I asked to call my embassy requesting the corresponding list of consular representatives in Pretoria. None was available. I had an international roaming modem and managed to get internet access and look up the number to call the Swiss consular official who talked to the immigration official. It made no difference, he kept typing away on a key board not showing much interest in what was being said by the consular official. I suggested that I could peel off one of the stuck in visas from a West African country and the result would be an empty page. I was told that this would be a major offense and my passport would become invalid with immediate effect. I then called a high level South African government enforcement contact that I was to due to meet on my return from Cape Town to provide information on rhino horn trafficking which we had uncovered during an investigative film shoot in Vietnam. The immigration official talked to my contact and informed him to go via the ministry of home affairs (on a Saturday evening). I asked for several times about my checked in bag and I wanted to ensure that it was claimed or a record of my status was established in connection to it. I was told that SAA would deal with this issue

My passport was sealed in an envelope and I was told somebody would come and ‘sort me out’. My assumption was that I would be taken to the airport transit area to book my return flight – on the next SAA flight back to Nairobi (In the first instance SAA should have checked my passport in Nairobi and informed me of the missing two empty pages and as such, under IATA rules had the responsibility to get me back to Kenya).

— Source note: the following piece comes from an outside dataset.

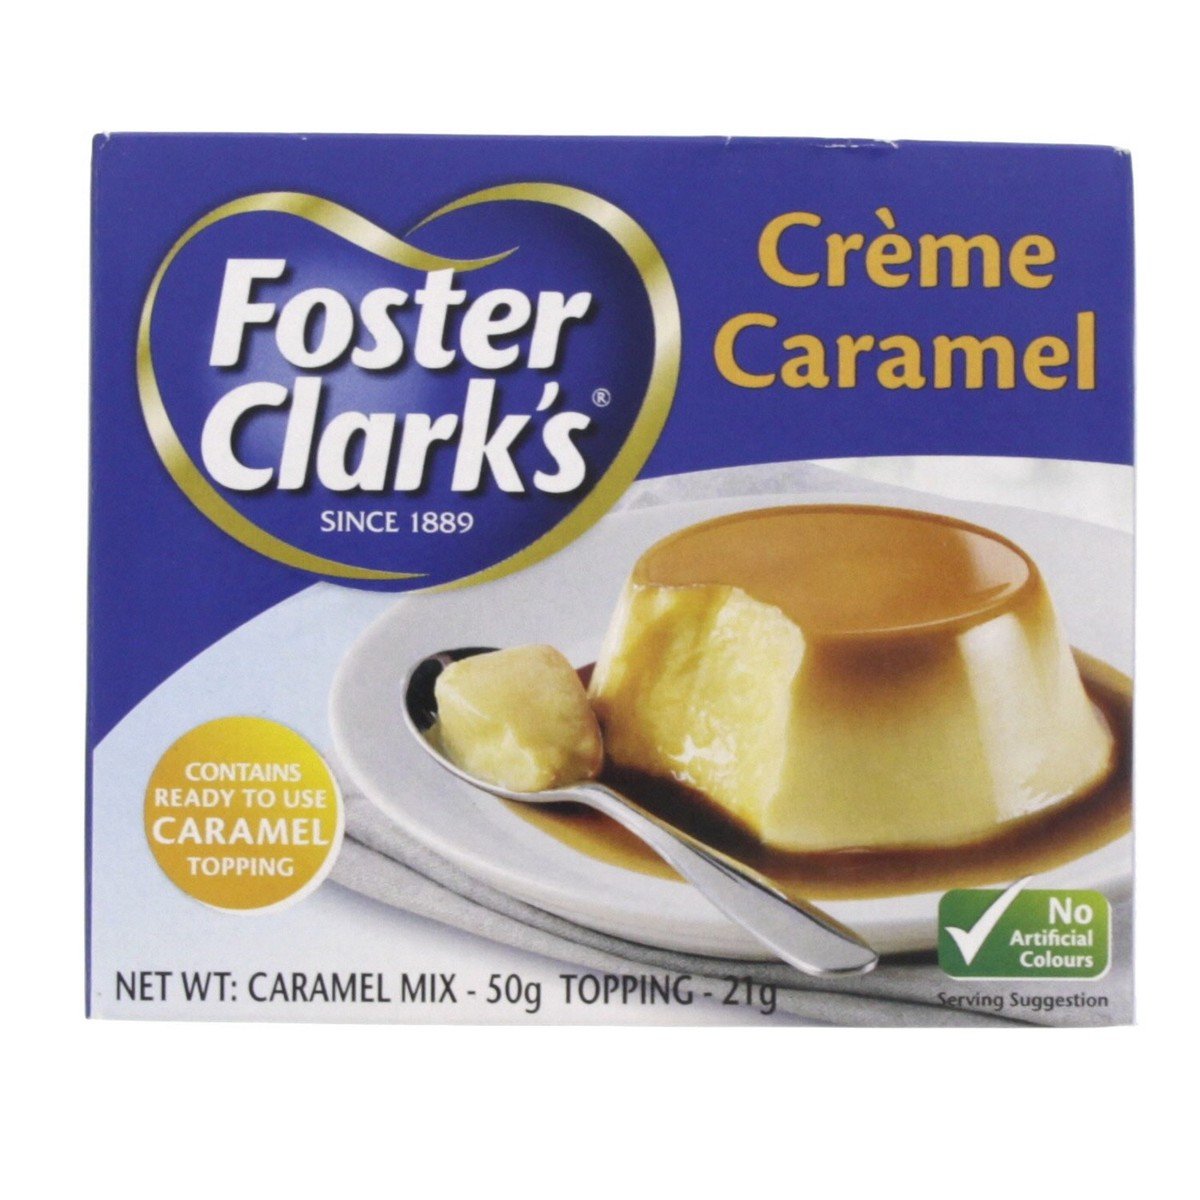 Foster Clarks Foster Clark's Creme Caramel 71g

The uniformed lady who came to pick up the envelope containing my passport and myself took me a level higher to what turned out to be a detention center.

The main access door locked behind me and could only be opened by a special code to be keyed in. I was taken to an inner office and asked to hand over all my belongings including my briefcase with my computer and a wide range of documents. Everything was taken out and thoroughly searched. Then came a very intense and unprofessional frisk search. Next my phone was torn out of my hand while I was on another phone call with the Swiss consular official in Pretoria updating him on developments. I was told my 5 minutes for phone calls were up. A pen was removed from my shirt pocket. The bag was locked up in a luggage room and the valuables sealed in a box. I was asked to sign the list of content which I refused.

A notice in the reception pointed out that the facility was run by a private contractor: ARM: Analytical Risk Management Aviation Security. The notice also stated:

“This is a restricted area. Any person entering these premises does so at his own risk. By entering these premises you hereby confirm and agree to comply with all the ARM rules as amended from time to time.”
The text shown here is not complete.